This computer will grow your food in the future

Food crisis. It’s in the news every day. But what is it? In some places in the world, there is too little food; in other places, there may be too much. Some people say GMO is saving the world; others say GMO is the problem. There is too much agricultural runoff creating toxic oceans and reducing nutrition. The arguments go on and on and the current climate of this discussion feels incredibly disempowering.

So, how do we bring this to something that we understand? How is this apple part of the food crisis? You’ve probably eaten an apple in the last week. How old do you think it was from when it was picked? Two weeks, two months, eleven months? The average age of an apple in a grocery store in the United States is eleven months, and it is not very different in Europe or anywhere else in the world. We pick them, put them in cold storage, and gas the cold storage.

There is documented proof of workers trying to go into these environments to retrieve an apple and dying because the atmosphere that slows down the process of the apple is also toxic to humans. How is it that almost nobody knows this? Ninety percent of the quality of that apple, all the antioxidants, are gone by the time we get it. It is basically a little ball of sugar. How did we become so information-poor, and how can we do better?

The speaker believes what is missing is a platform. He knows platforms and computers. The internet allowed him to do strange things but also to meet people and express himself. He asks: how do you express yourself in food? If we had a platform, we might feel empowered to question “what if?”. For him, the key question is: what if climate was democratic?

He shows a map of climate in the world: the most productive areas in green, the least productive in red. They shift and change; Californian farmers become Mexican farmers; China picks up land in Brazil to grow better food, and we are slaves to climate. What if each country had its own productive climate? What would that change about how we live, about quality of life, and about nutrition?

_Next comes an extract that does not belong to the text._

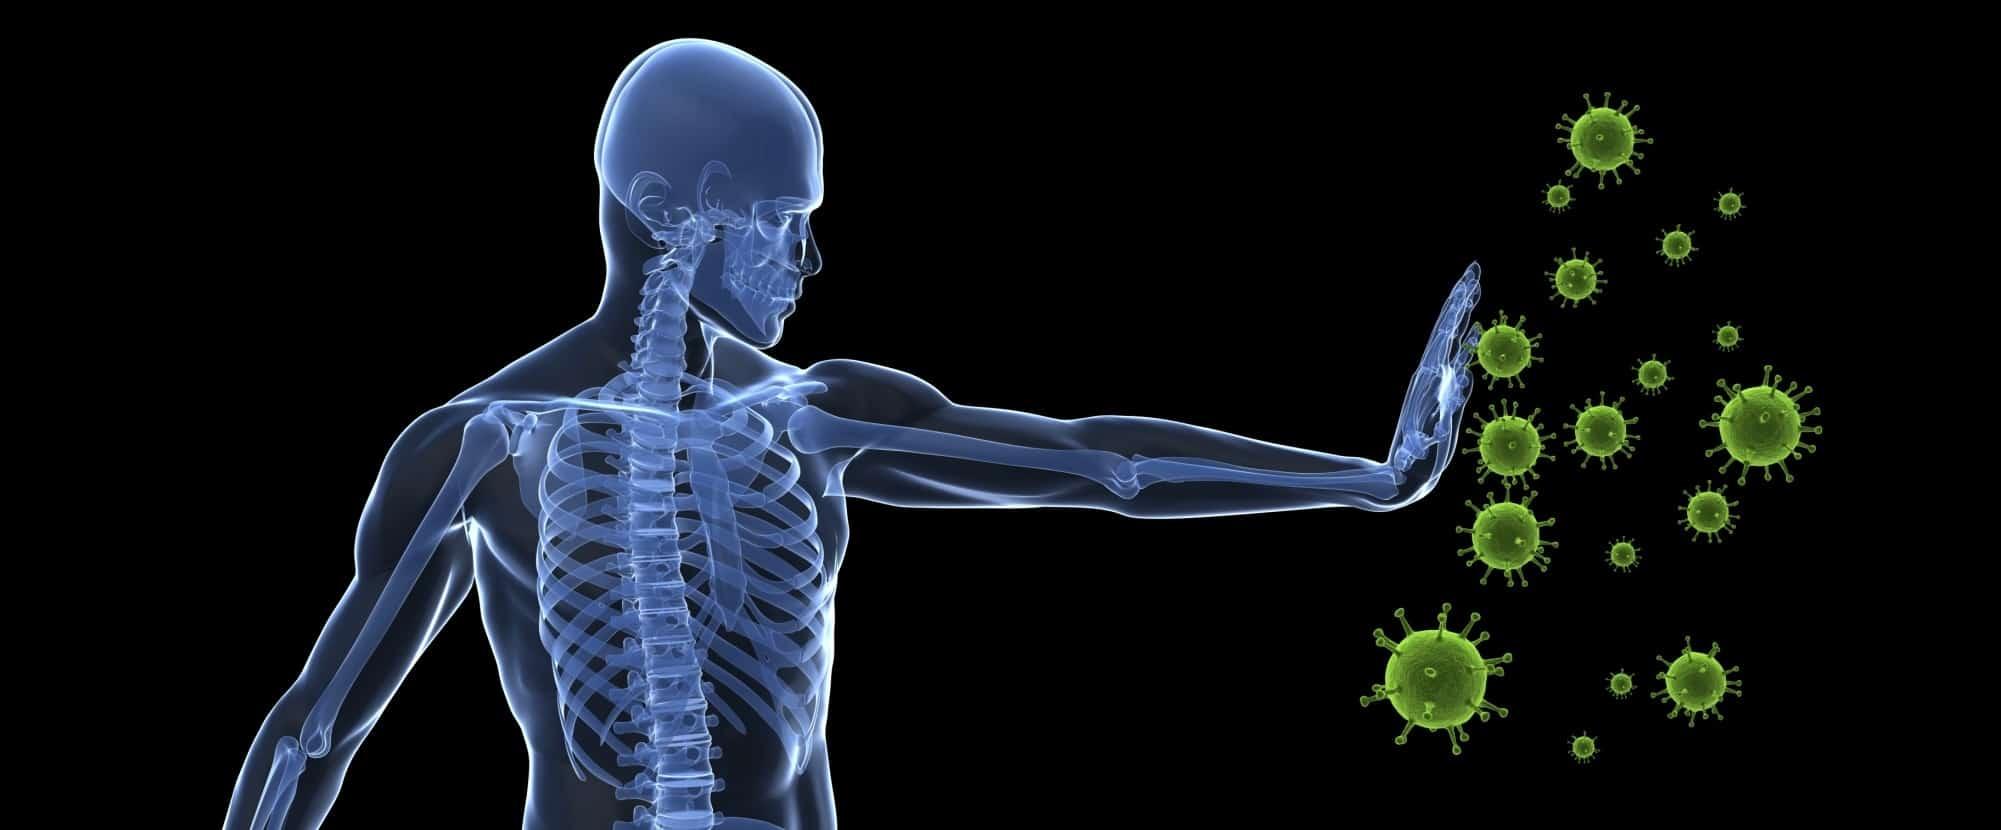 كيفية تحسين نظامك المناعي؟

The last generation’s problem was that we needed more food and we needed it cheap. We built a huge analog global farm. All those lines on a map are cars, planes, trains, and ships. It is a miracle that we feed seven billion people with just a few of us involved in the production of food. But what if we built a digital farm, a digital world farm? What if you could somehow digitize an apple, send it through particles in the air, and reconstitute it on the other side?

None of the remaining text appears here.